After years of searching for healing and grappling with her identity, Bible teacher Julie Wright discovered that the keys to wholeness had been in front of her all along in the life of Eve—the first woman in the Bible. Wright’s new book, Redeeming Eve: When a Woman Lives Loved (Tristan Publishing, Sept. 16), explores our journey through sin and struggle to strength and security.
“I discovered so much beauty, profound purpose, Eve’s inherent value to God, and her glorious, sin-free relationship with Adam,” Wright says. Inevitably, though, Adam and Eve do experience sin, shame, and other devastating consequences in the Bible, which led Wright to an even deeper understanding of “God’s redeeming love, not just for Eve but for myself and every woman,” she says.
Understanding God’s design—what God intended for Eve to be and do—can help every woman find her own path and purpose in today’s fast-paced, demanding, technology-driven, and often perfection-obsessed world, Wright says. “Social media has magnified superficial, physical, image-based values, leaving both women and men robbed of the deep joy and security of being known and securely loved.”
Further, Redeeming Eve makes a case for how identity—or the terms one uses to define oneself—can determine so many other aspects of life, including one’s goals and influence on others. Wright wants women of all ages and backgrounds to know that some of life’s challenges are universal and that how they view them, and themselves, can have a negative or positive ripple effect on self-confidence, desires, relationships, and more.
Wright also includes in Redeeming Eve insights into the lives of nine other women from the Bible, highlighting how they too searched for identity, value, and purpose. For instance, Wright says that Esther “could have lived from labels such as ‘orphan’ or ‘minority’ but instead chose to live from her identity as a child of the Most High God.” Lessons about how to use one’s influence are explored through the lives of Sarah and Abigail, while insights into female sexuality are gleaned from Bathsheba and Ruth.
“Redeeming Eve illustrates this search through the lives of real women who struggled and overcame,” Wright says. “Women will see parts of themselves reflected in each of the chapters and be encouraged to secure their identity in being loved, healed, and helped by the God who created them.”

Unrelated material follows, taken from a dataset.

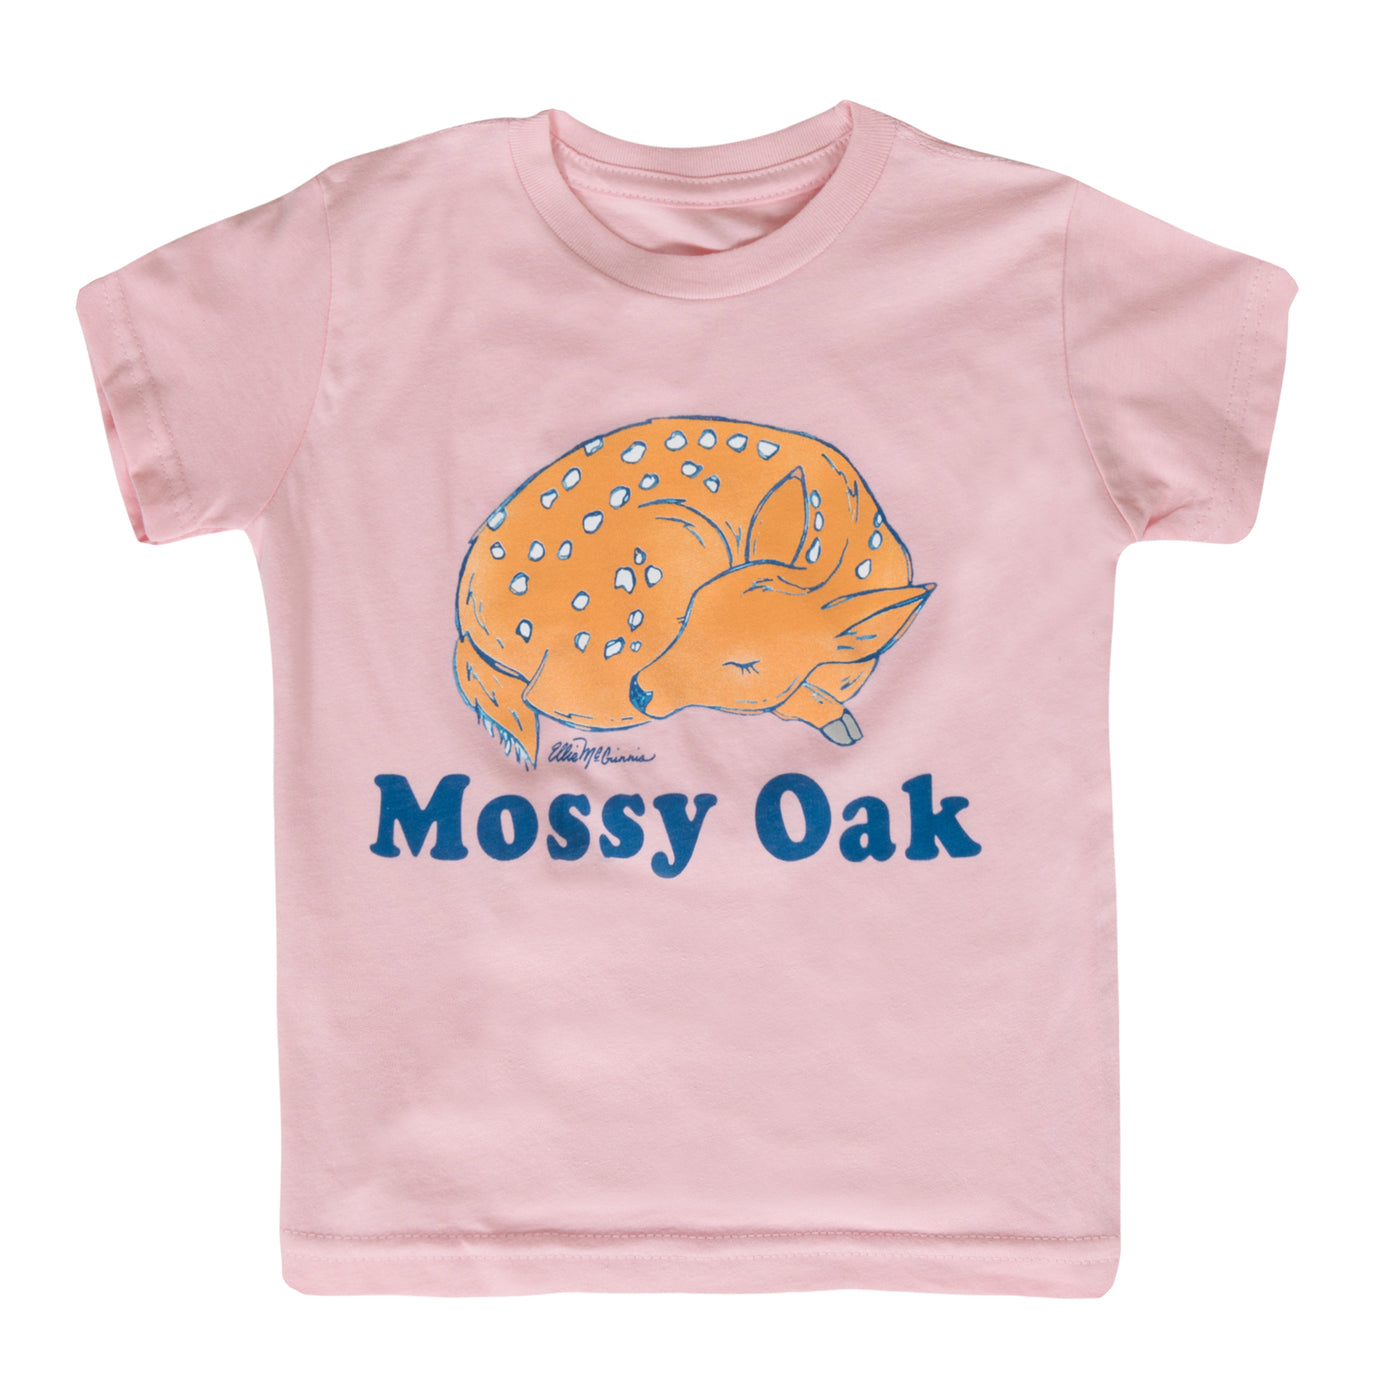 Mossy Oak Toddler Fawn Short Sleeve Tee Light Pink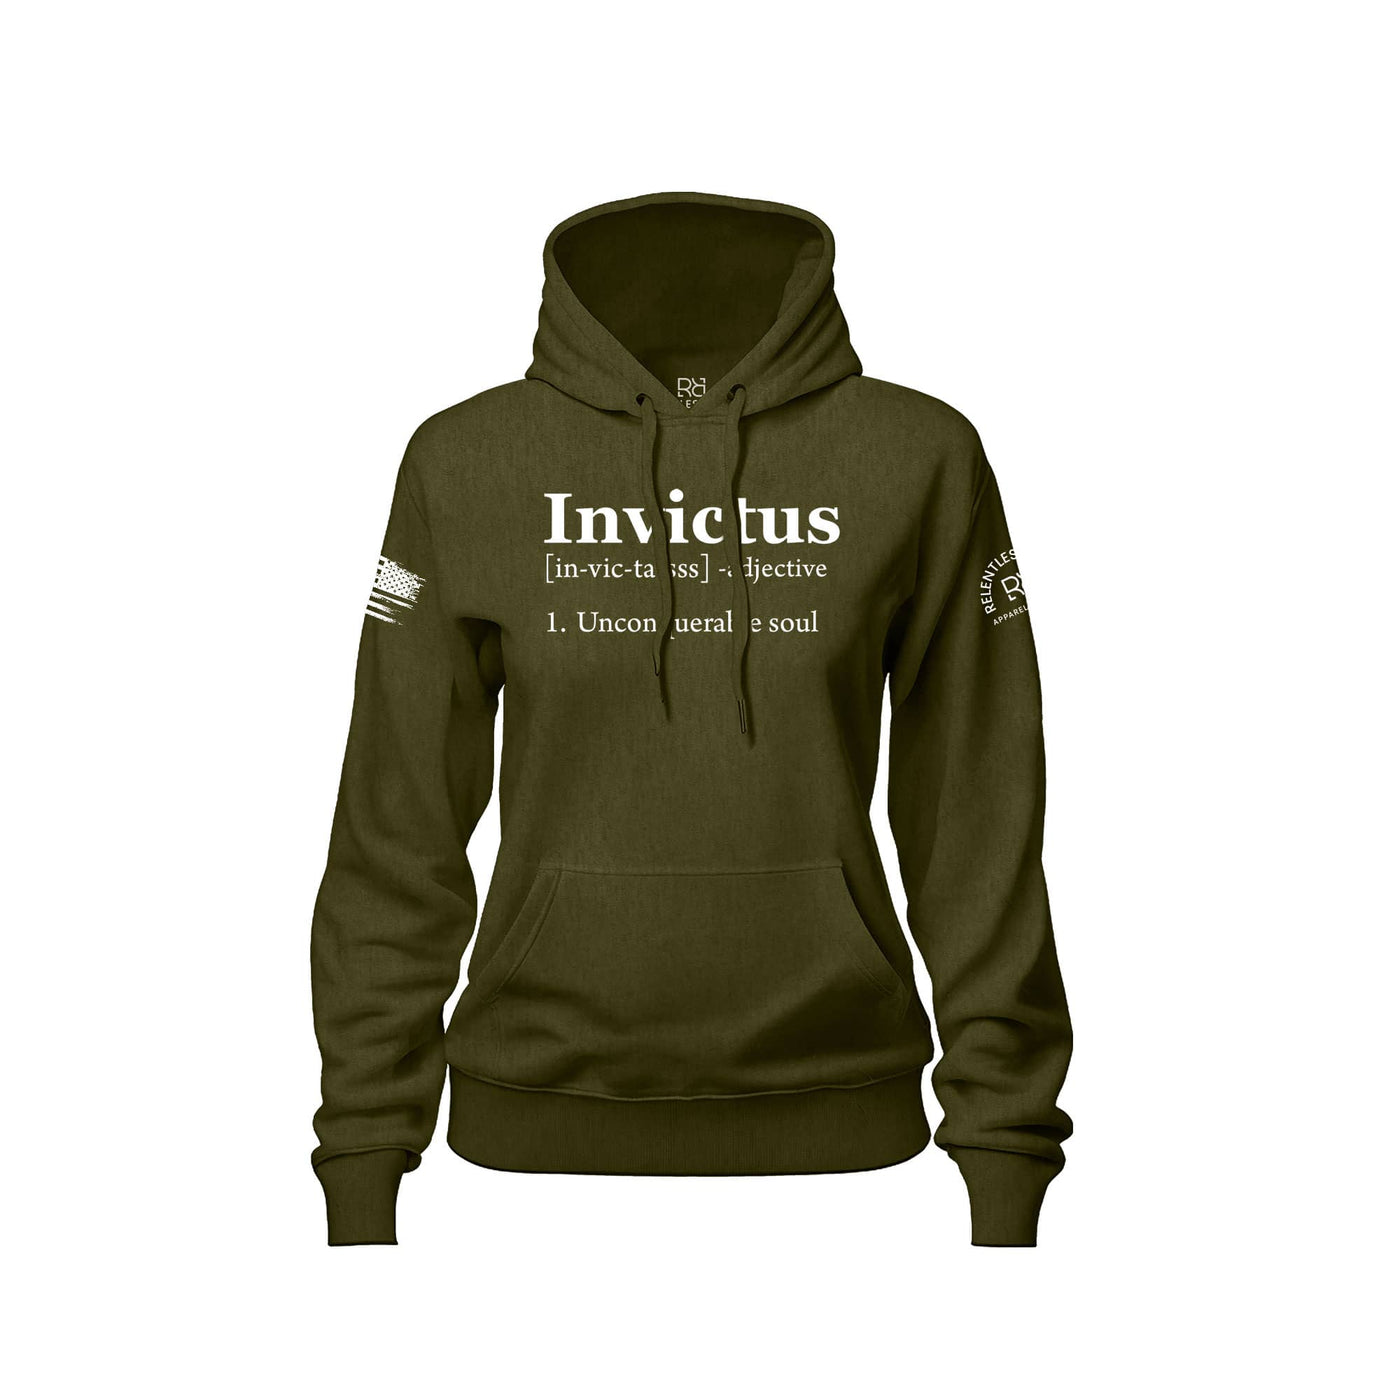 Invictus | Front | Women's Hoodie

Wright is still a student of the Bible and works daily to deepen her understanding of it—and she’s continually reminded that there is always room for more growth. It is her hope that readers of Redeeming Eve learn how to live loved. “When we understand that we are already, fully, eternally, and completely loved, we can stop going through life looking for love,” she says. “We can live from emotional and spiritual wholeness instead of need.”
Noting the impact living loved has had on her own life, including aspects of marriage and parenting, Wright says, “We do not need to go through life hurting and hungry, tired and thirsty. There is a love that heals and fills. Jesus came to love us to wholeness and redeem the Eve in all of us.”
Sheila Waldman, publisher at Tristan Publishing, calls Redeeming Eve “timeless yet relevant for today” because it sheds light on hardships that haven’t changed across millennia, as well as the specific challenges women face in contemporary society. “Many women of all ages struggle with discouragement—even hopelessness,” Waldman says. “In culture today, we see so many unhealthy messages, arrows of sorts, that come at women from countless sources.”
Redeeming Eve met the key criteria for all books published by Tristan Publishing with its encouraging, uplifting, and hopeful message. “We immediately recognized that Redeeming Eve points readers back to one source, the Bible,” Waldman says, “the source that shares the truth about God’s love for us and that introduces us to the person, Jesus, who has the ability to change hearts and give readers encouragement and hope for the future.”